Suite à notre article annonçant deux livres publiés par Oruno D. LARA, dont l’un concerne la période de la libération des esclaves en 1848, et suite aussi aux commentaires assortissant ce Blog, commentaires mettant en relation les liens et l’histoire réelle des échéances effectives qui ont conduit et abouti à “1848”, YL Monthieux, souligne ici ce qui lui paraît important dans cette chronologie “fondatrice”. à vous de juget et, évidemment, notre blog et les pages de Antilla vous sont ouvertes…

Y-L Monthieux : “Le 25 février 1848, une date peu connue des Martiniquais.”

A ce jour, ni les historiens ni les commémorateurs de l’Abolition de l’esclavage n’avaient été prolixes sur la date du 25 février 1848 que Oruno de Lara porte à la connaissance des lecteurs non-initiés. La décision d’abolir l’esclavage a donc été prise par le gouvernement provisoire à l’Hôtel de ville de Paris au lendemain même du jour de la proclamation de la République, le 24 février 1848. Ce fut donc l’une de ses toutes premières décisions prises par la Deuxième République. C’est dire que le dossier avait déjà été ficelé.

Mais on ne doit pas instrumentaliser cette décision au profit ou au détriment de tel ou tel héros. Le bénéfice historique de l’évènement doit être partagé entre : – les esclaves eux-mêmes, dont les mouvements de résistance se sont multipliés, – Cyrille Bissette et Victor Schoelcher qui y ont pris leur part, le premier en payant durement de leurs personnes, le second en usant du pouvoir que lui confiaient ses fonctions officielles de député de la Martinique et de la Guadeloupe, – les porteurs des idées anti-esclavagistes exprimées à l’époque, – les 11 membres du gouvernement provisoire, – le Parlement français dont le député Victor Schoelcher.

La vie d’un projet de loi obéit à plusieurs étapes, de la mise en chantier à la mise en application de la loi. On vient de le voir pour la loi créant une nouvelle collectivité. Parfois on n’entend plus parler d’une loi, une fois votée : elle meurt en quelque sorte par inapplication. Et de fait, le cimetière des lois jamais appliquées est assez vaste. Aussi, la véritable conséquence du soulèvement du 22 mai aura été l’application immédiate de la loi d’Abolition imposée par les insurgés. Cette date qui pourrait symboliser, par ailleurs, les mouvements de résistance des esclaves est retenue à la Martinique pour commémorer le fait historique de l’Abolition.

En revanche, je ne vois pas en quoi la date du 25 février 1848 serait gênante pour les partisans de Victor Schoelcher.

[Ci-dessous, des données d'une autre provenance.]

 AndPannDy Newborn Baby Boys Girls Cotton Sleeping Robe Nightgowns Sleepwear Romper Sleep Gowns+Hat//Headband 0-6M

Il est plutôt gratifiant pour un homme qui a porté une idée, certes concurremment avec d’autres, de se retrouver à la consécration de cette idée, en la transformant par son propre vote en loi de la République. Cette date devrait davantage incommoder, semble-t-il, ceux qui présentent le 22 mai 1848 comme la seule véritable date de l’Abolition de l’esclavage. En effet, si la controverse porte parfois sur la possibilité ou non, pour les insurgés, d’avoir eu connaissance du décret du 27 avril précédent au moment du soulèvement, il n’y a pas de doute que tous, le 22 mai , à la Martinique, aient eu une parfaite connaissance de la décision du gouvernement provisoire, prise 3 mois plus tôt. Cette décision a découlé, entre autres, des actions menées par Bissette et Schoelcher ainsi que des faits de résistance des esclaves, mais certainement pas du mouvement du 22 mai qui, par contre, pourrait être considéré – on l’a dit plus haut – comme l’accélérateur de l’application de la loi, mais aussi comme un baroud d’honneur.

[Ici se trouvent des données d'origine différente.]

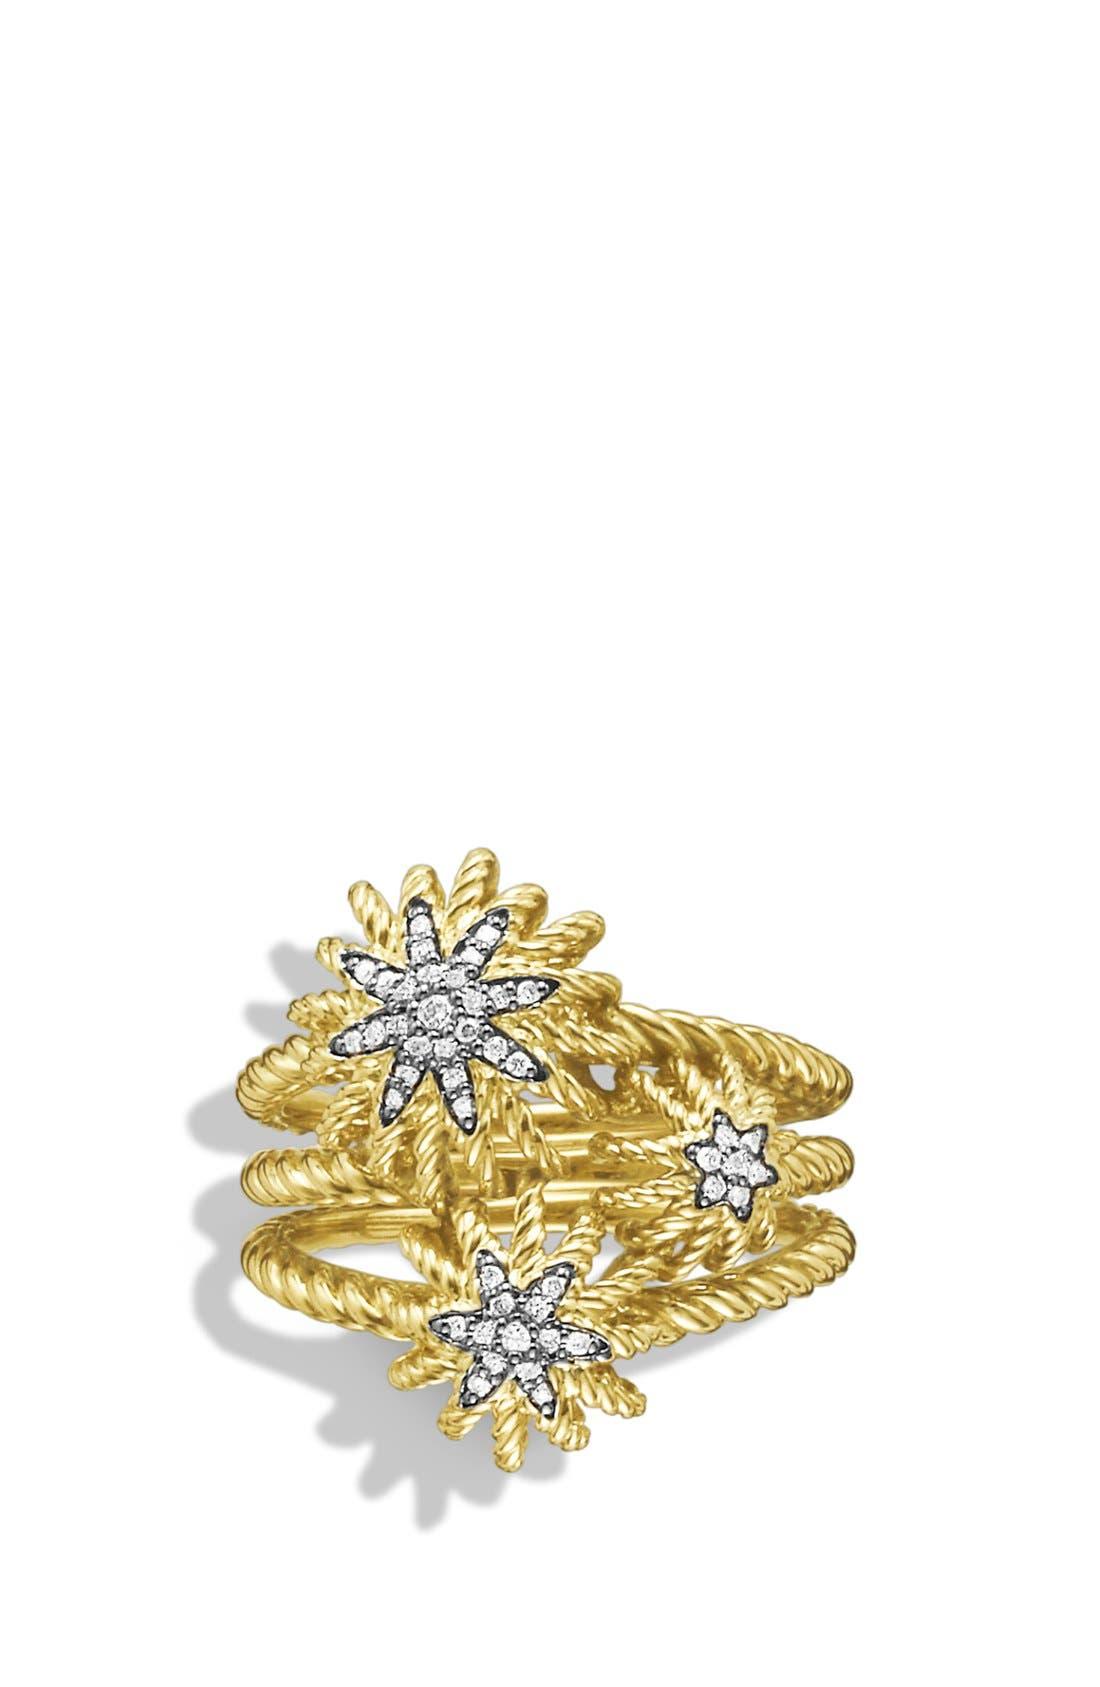 Alternate Image 3  - David Yurman 'Starburst' Cluster Ring with Diamonds in Gold

On observera, enfin, que si justice doit être faite de l’action menée par Cyrille Bissette, ce dernier ne doit pas, devrait pas, devant l’histoire, se trouver en compétition avec le Victor Schoelcher ou se substituer à lui. Il ne faudrait donc pas substituer le Tout-Bissette au Tout Schoelcher, au risque supplémentaire de jeter un voile sur la partie Guadeloupéenne de l’évènement, que représente aussi Schoelcher, puisque ce député représentait les deux colonies au moment du vote de la loi.

Quoi qu’il en soit, nous ne devons pas nous payer de mots et laisser croire aux Martiniquais, par des déclarations, des allusions et surtout des silences, que le gouvernement provisoire ait attendu le soulèvement des Martiniquais, le 22 mai 1848, pour décider de la fin de l’esclavage sur l’ensemble des « terres françaises », 3 mois plus tôt.

Si l’on en croit Henri Pied, les ouvrages de Oruno D. Lara devraient secouer le cocotier. Cela promet.

Yves-Léopold Monthieux, samedi 23 juillet 2011

NDLR : La photo représente la Statut de la libération de l’escalve à Gorée/Sénégal.